Democratic Gov. Ned Lamont said that implies the life of a gay or transgender person is valued less than others and Connecticut won’t allow homophobia and transphobia to justify violent crime.
Neighboring Rhode Island banned the defense last year.
Massachusetts congressmen are trying to ban it in federal court. Democratic Sen. Edward Markey and Rep. Joe Kennedy re-introduced a bill this month to curtail the availability and effectiveness of the gay and trans panic defenses, a step many in the legal community have been urging for years.
Lamont made note of the 1998 death of Matthew Shepard, the college student who was beaten to death by two men in Wyoming. Defense attorneys unsuccessfully attempted to use the gay panic defense. A judge would not allow it and those men were convicted.
Lamont signed the measure, along with several other bills. He has now signed 52 bills from the 2019 legislative session.
According to the Washington, D.C.-based National LGBT Bar Association, which is leading an effort to pass such legislation across the country, California, Illinois and Nevada have also banned gay panic defenses. Legislation is pending in other states.
New York Gov. Andrew Cuomo plans to sign a bill that recently passed the state Legislature to ban the defense. Its passage was one of his top priorities before the session adjourned this week.
Kennedy said when he re-introduced the Gay and Trans Panic Defense Prohibition Act that as long as these defenses are allowed in state and federal courts, the LGBTQ community will be deprived of the justice all Americans deserve.
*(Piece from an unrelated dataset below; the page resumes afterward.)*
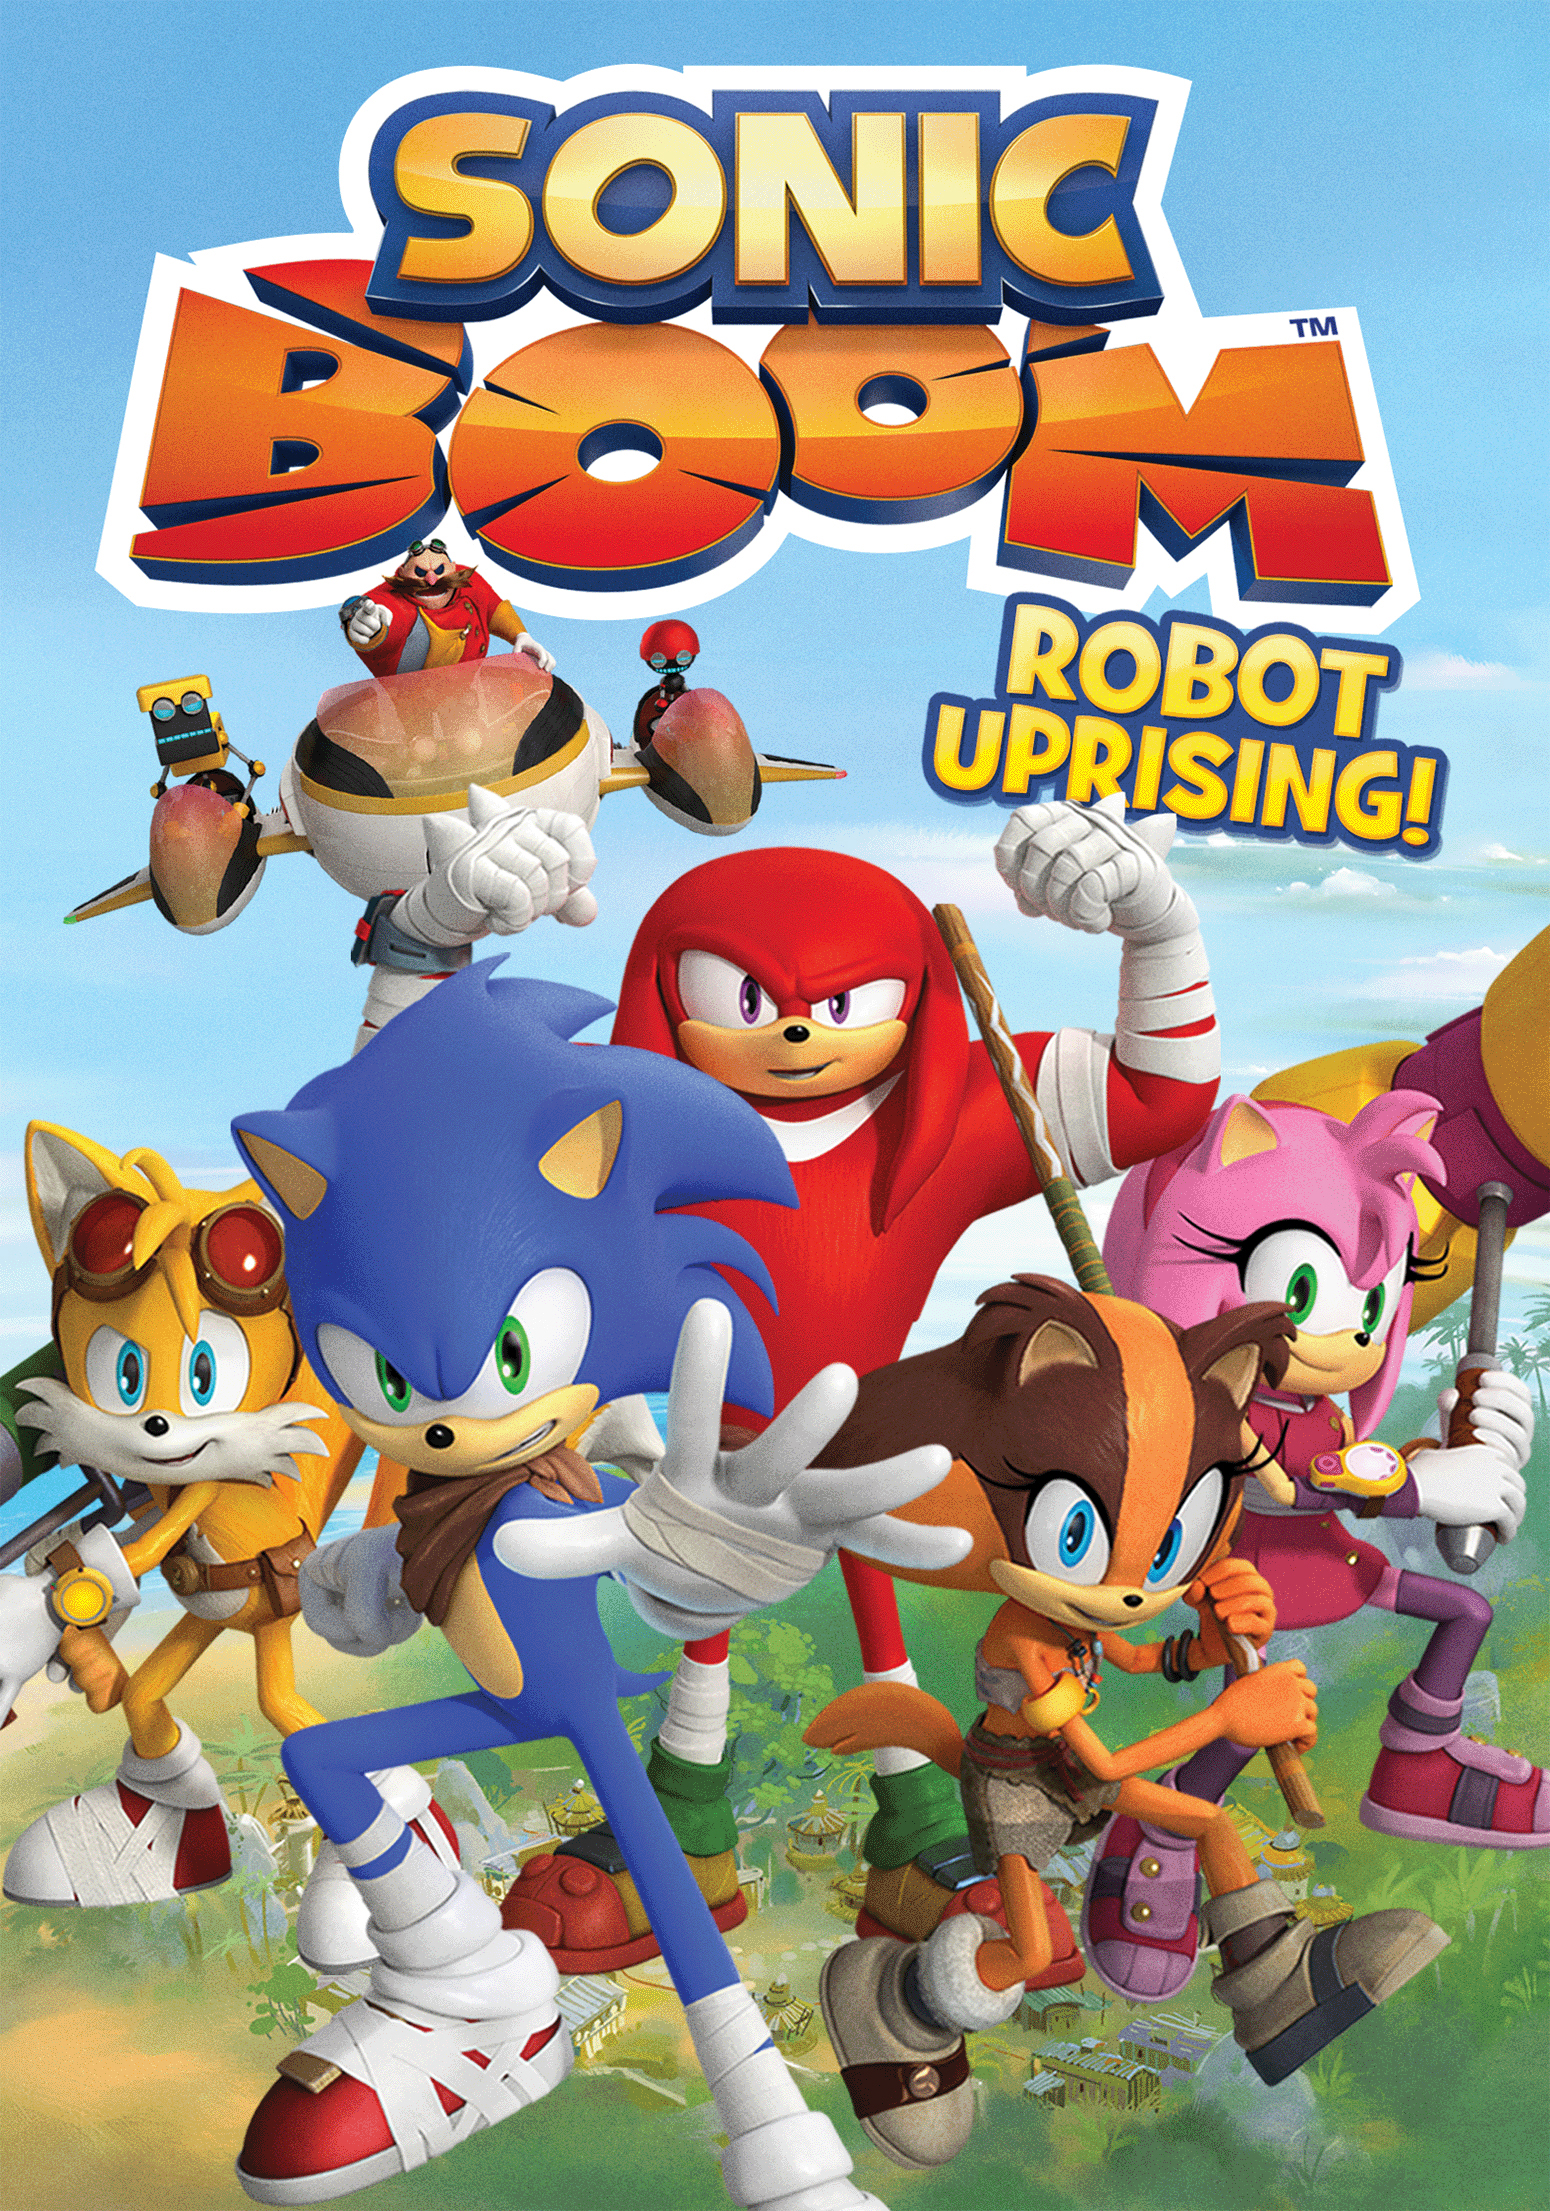 Sonic Boom: The Complete Season 1 Blu-ray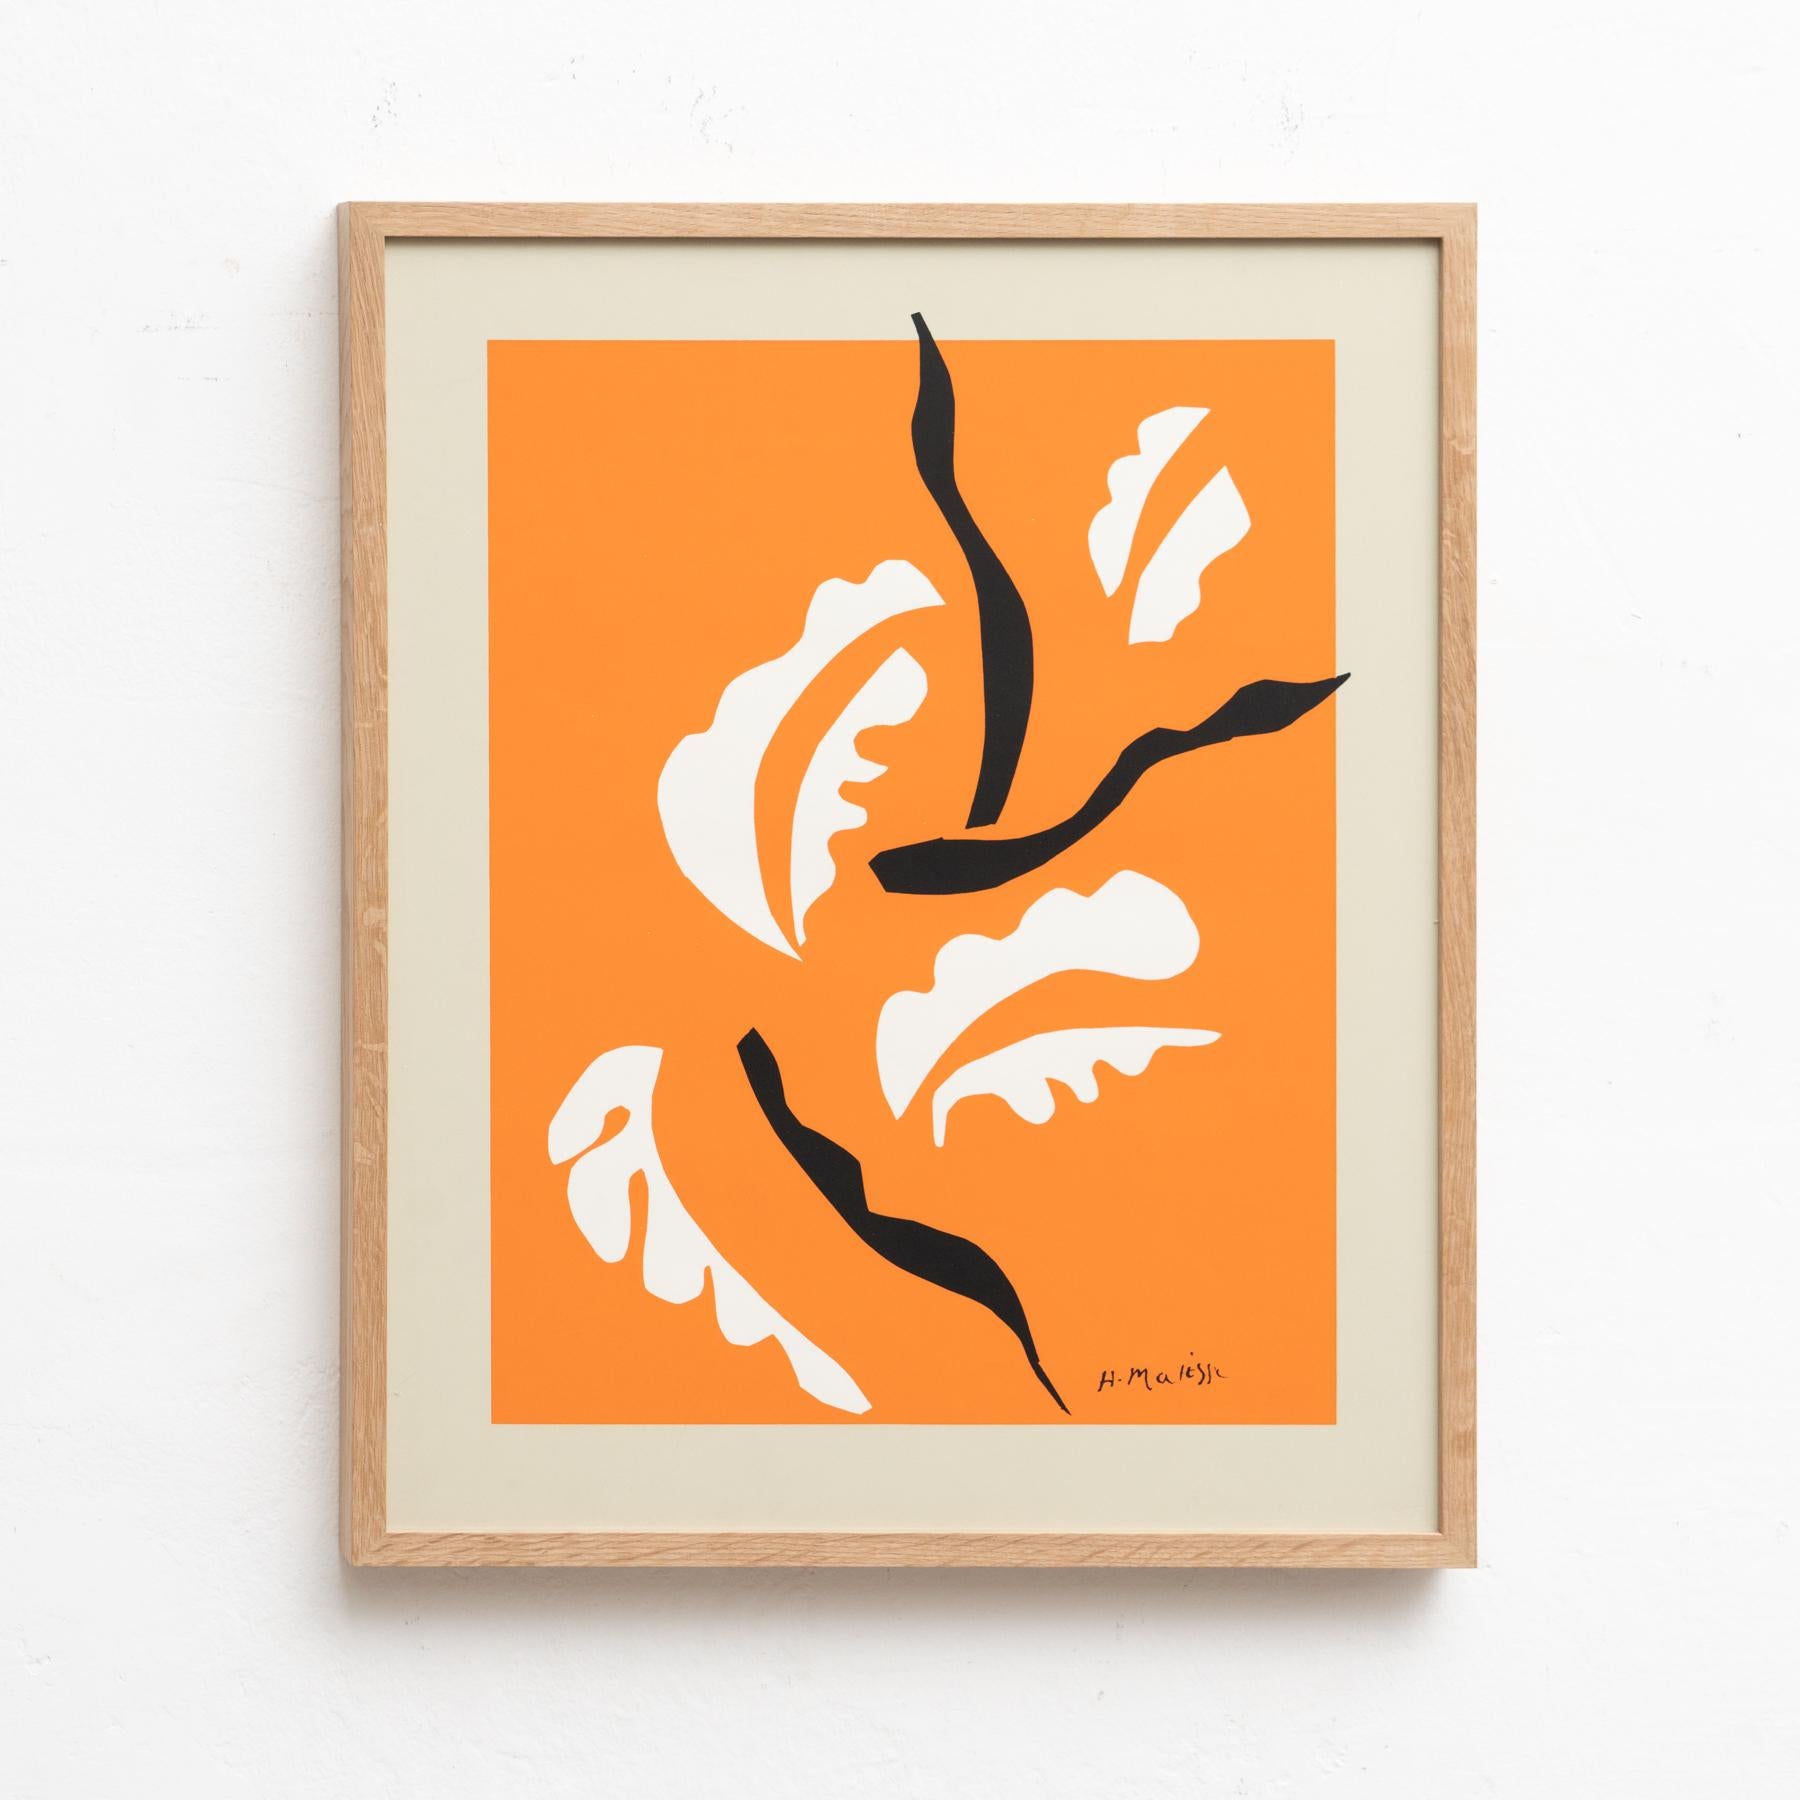 Paper Henri Matisse Color Lithography, circa 1970

He said that with more states taking action, “we have the federal momentum to outlaw this bigoted legal practice across the country.” Connecticut Democratic Sen. Richard Blumenthal is one of the co-sponsors.
Not a subscriber? Sign up today for a free subscription to Boston Spirit magazine, New England’s premier LGBT magazine. We will send you a copy of Boston Spirit 6 times per year and we never sell/rent our subscriber information. Click HERE to sign up!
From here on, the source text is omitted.